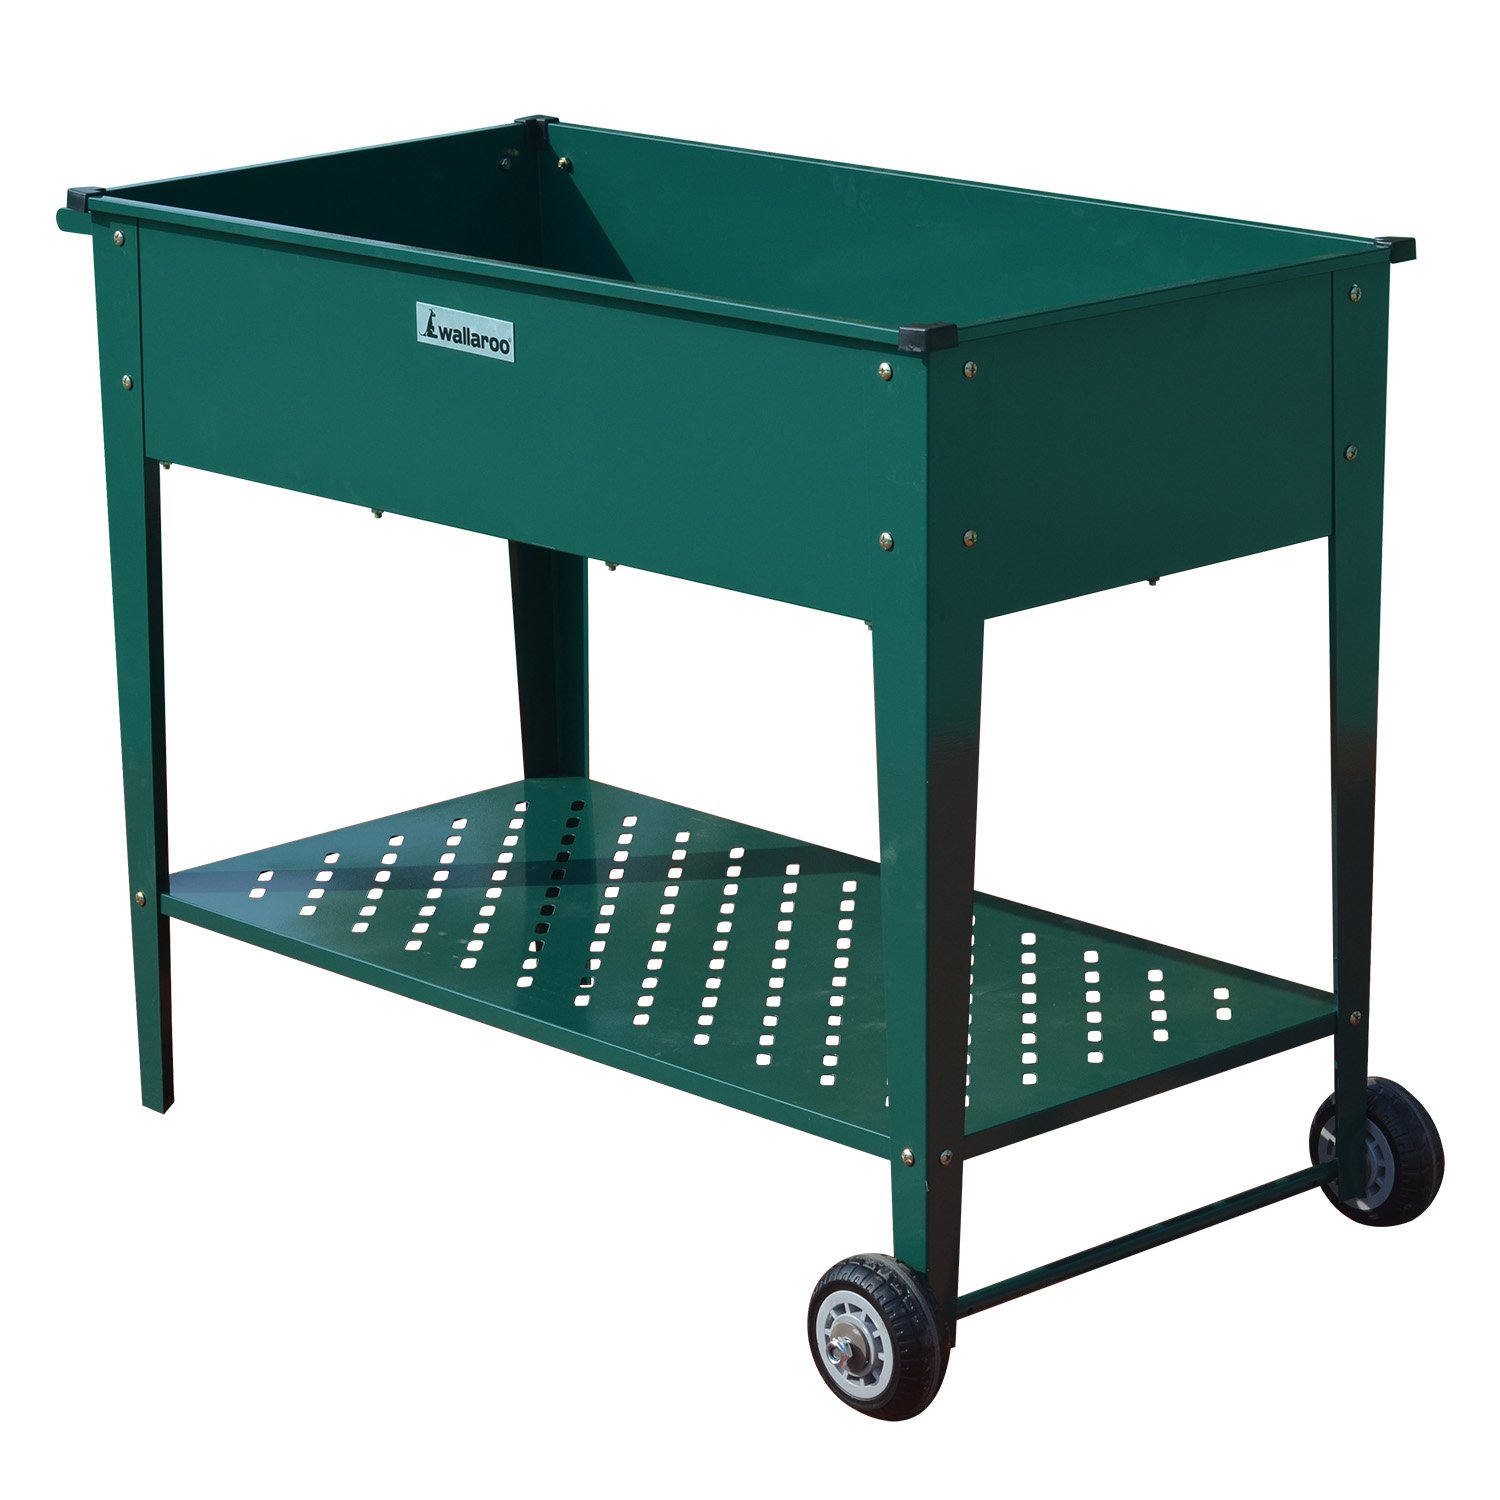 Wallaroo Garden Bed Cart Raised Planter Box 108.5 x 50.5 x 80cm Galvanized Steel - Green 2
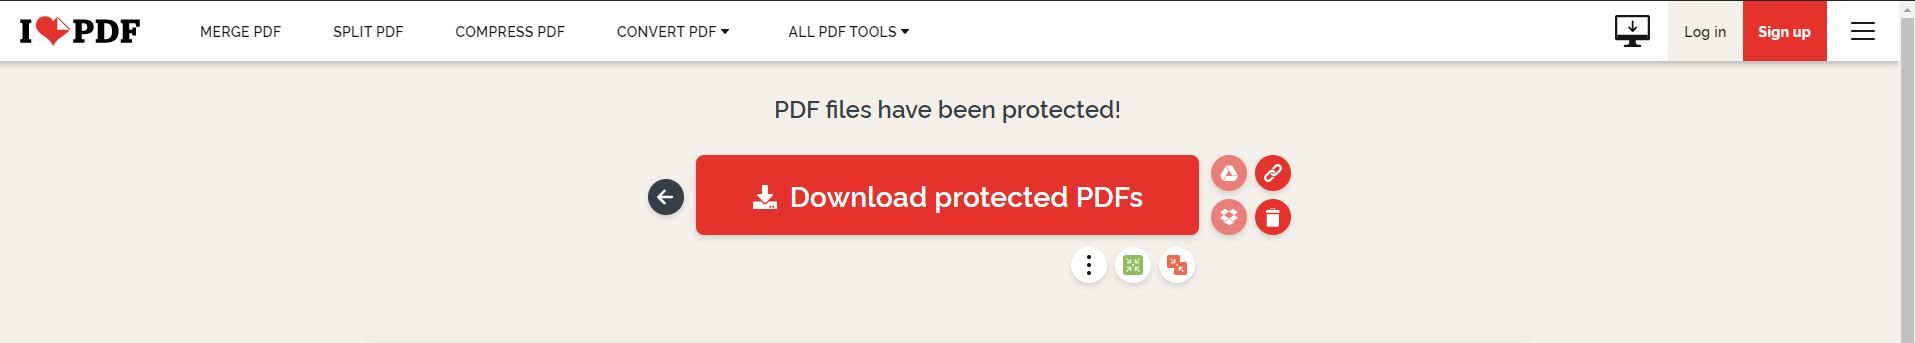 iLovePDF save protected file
==
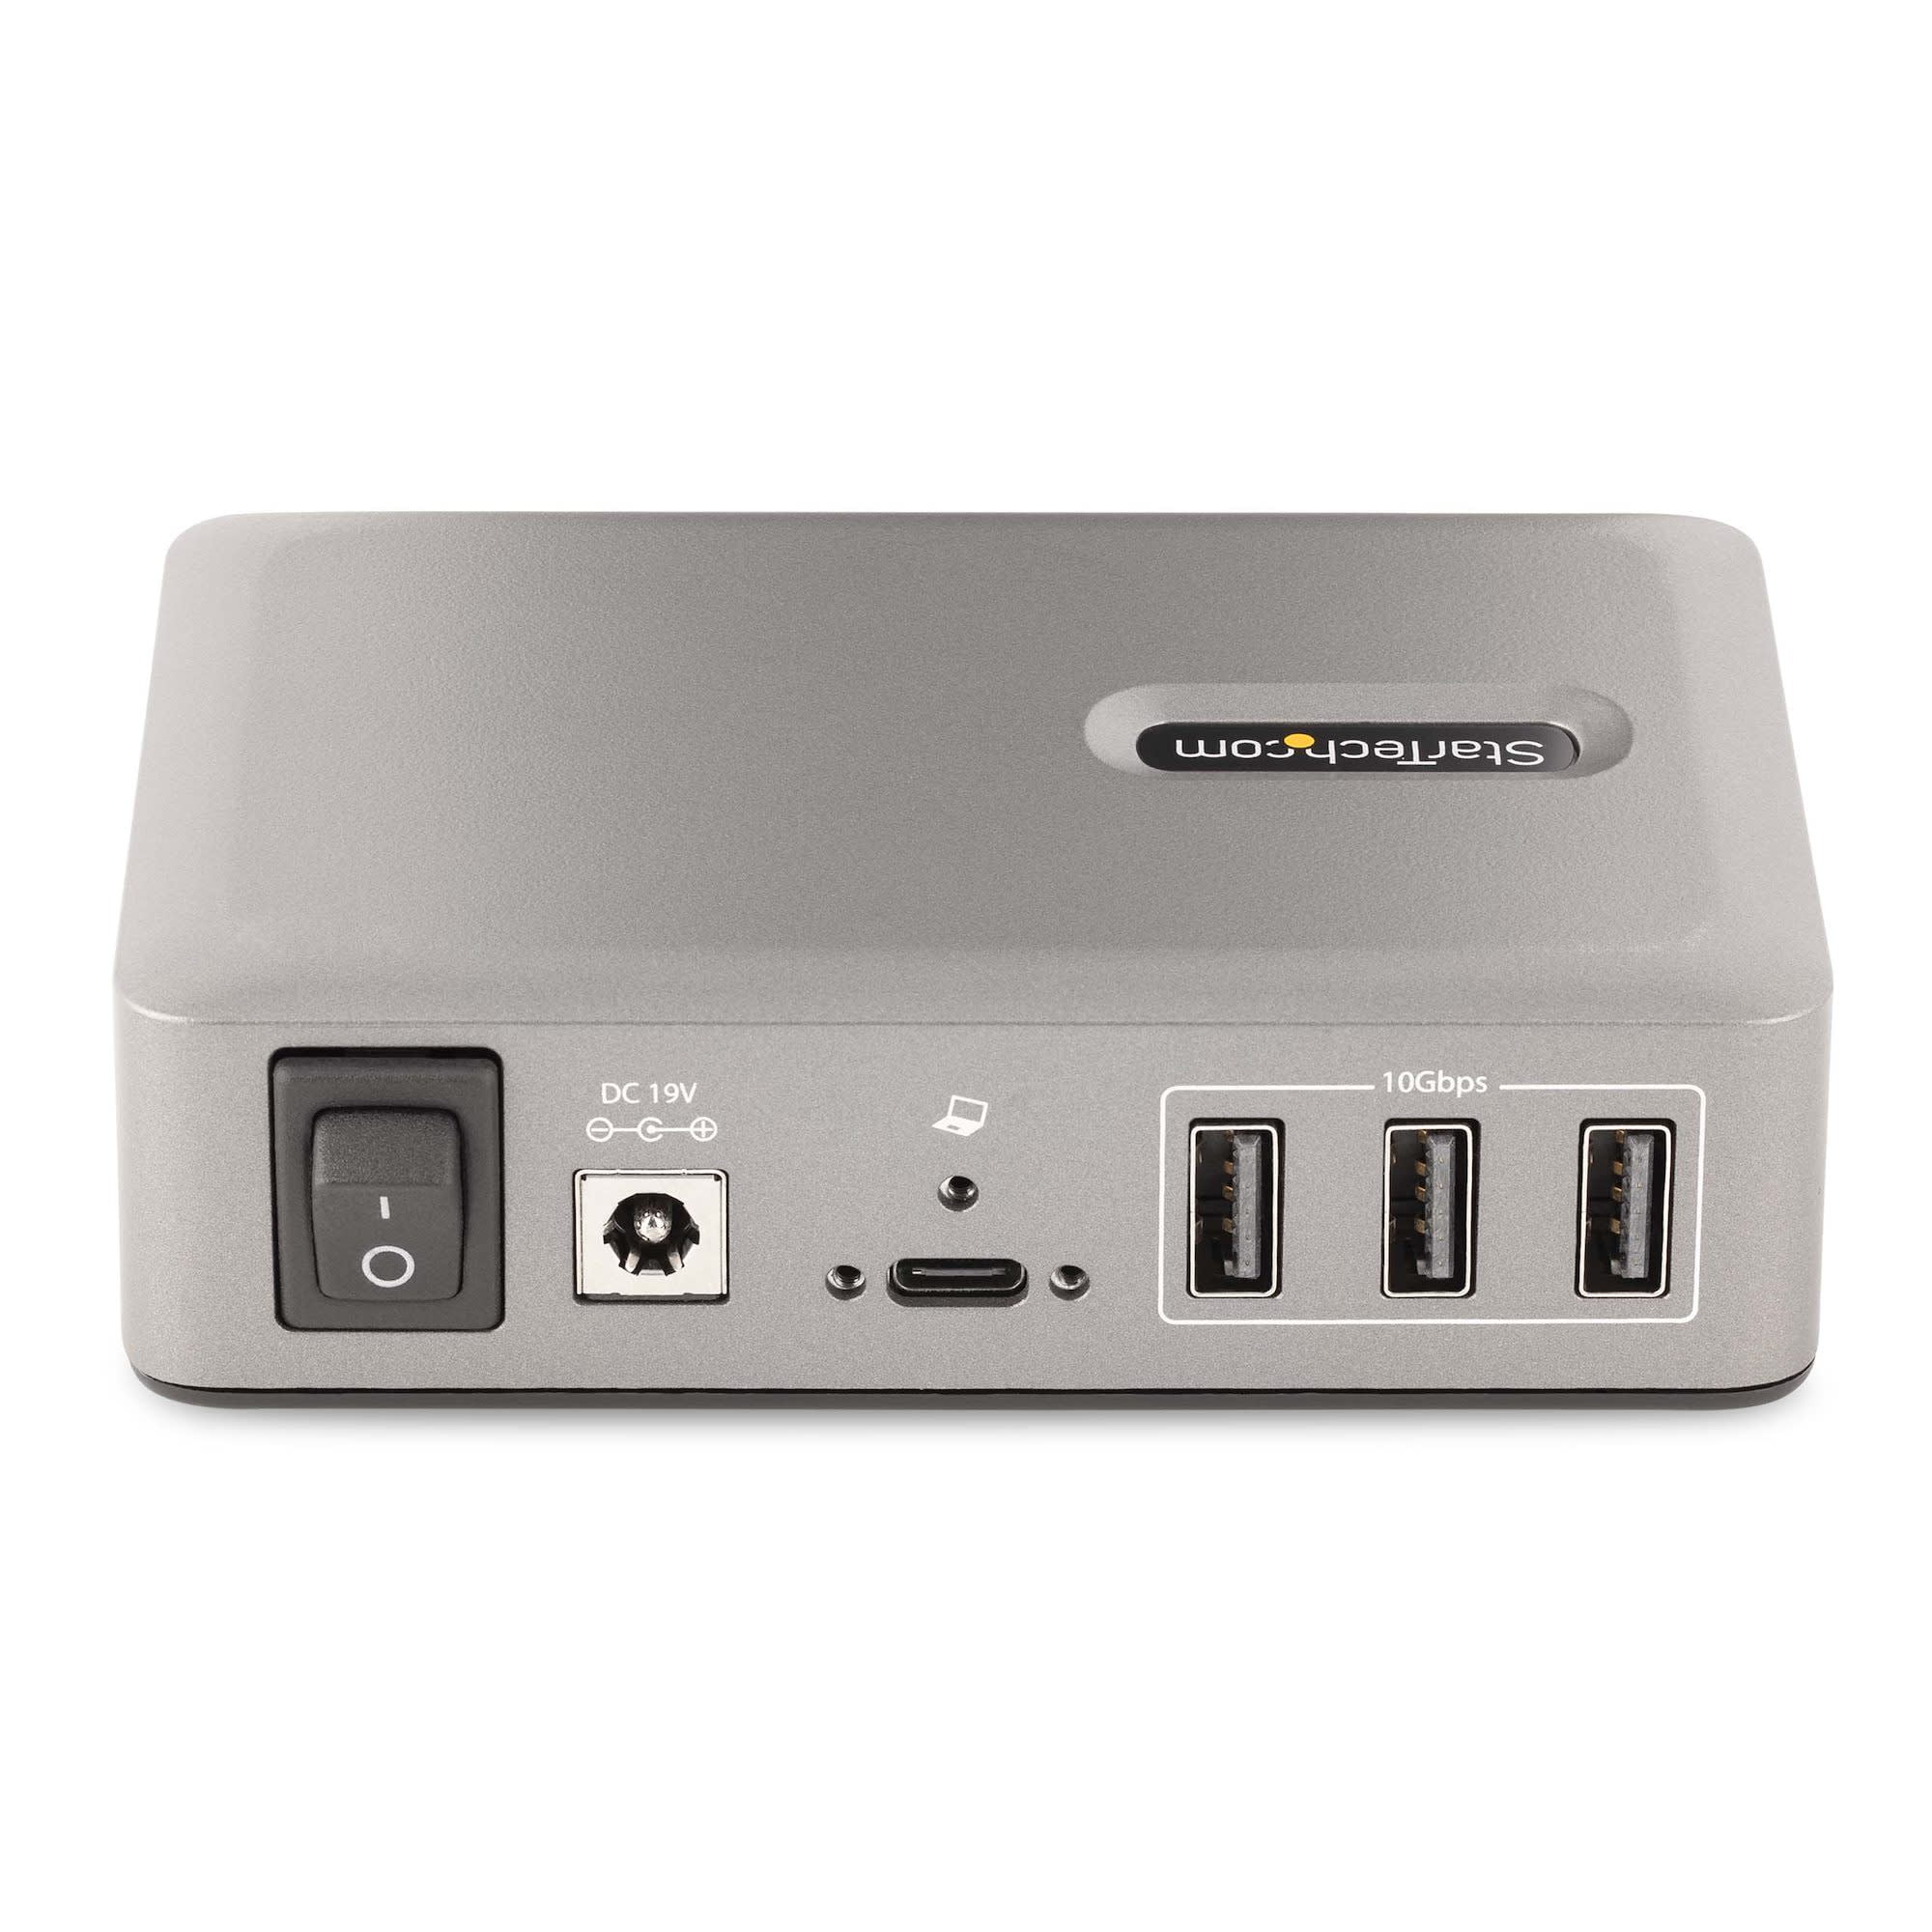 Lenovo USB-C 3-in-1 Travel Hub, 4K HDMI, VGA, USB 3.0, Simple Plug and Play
...
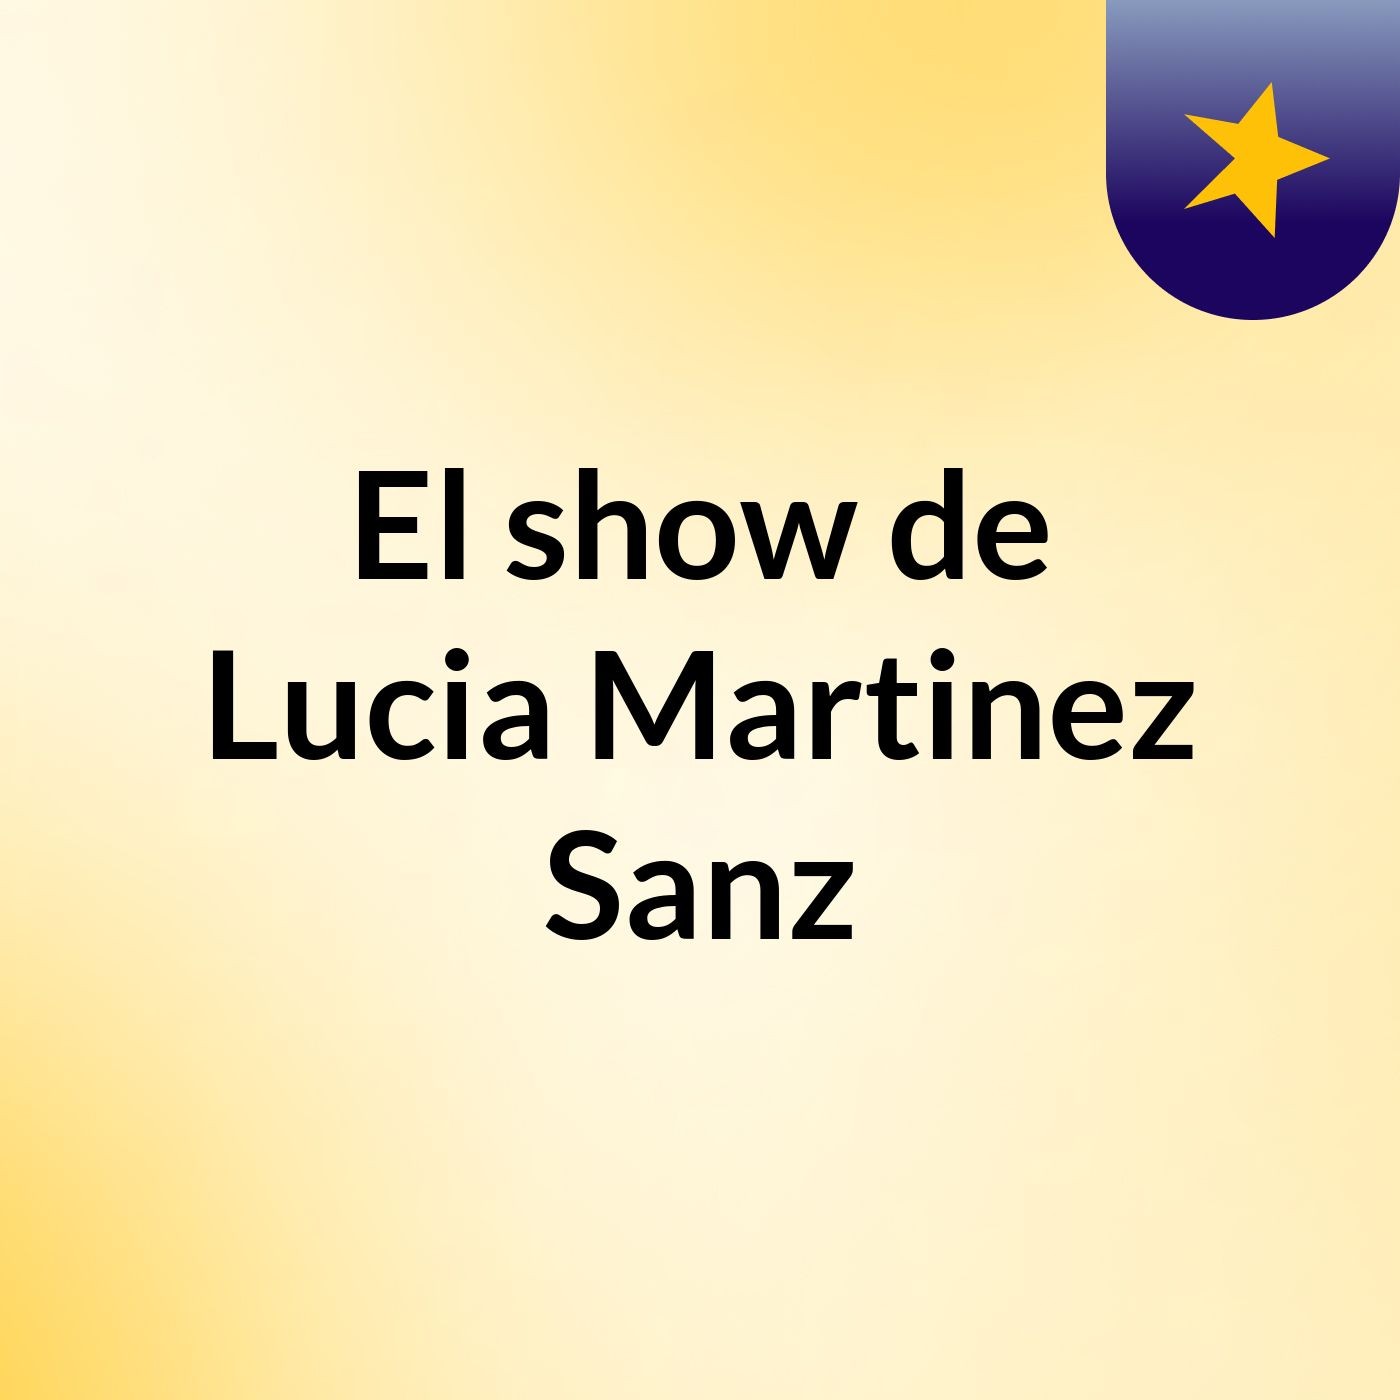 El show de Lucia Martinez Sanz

* [Aim of the task]:
Output exactly the lines above, beginning at the one with "Wallaroo Garden Bed" and stopping after the one with "iLovePDF save protected file". Pictures are to be omitted.

* [Exercise response]:
 Wallaroo Garden Bed Cart Raised Planter Box 108.5 x 50.5 x 80cm Galvanized Steel - Green 2
 iLovePDF save protected file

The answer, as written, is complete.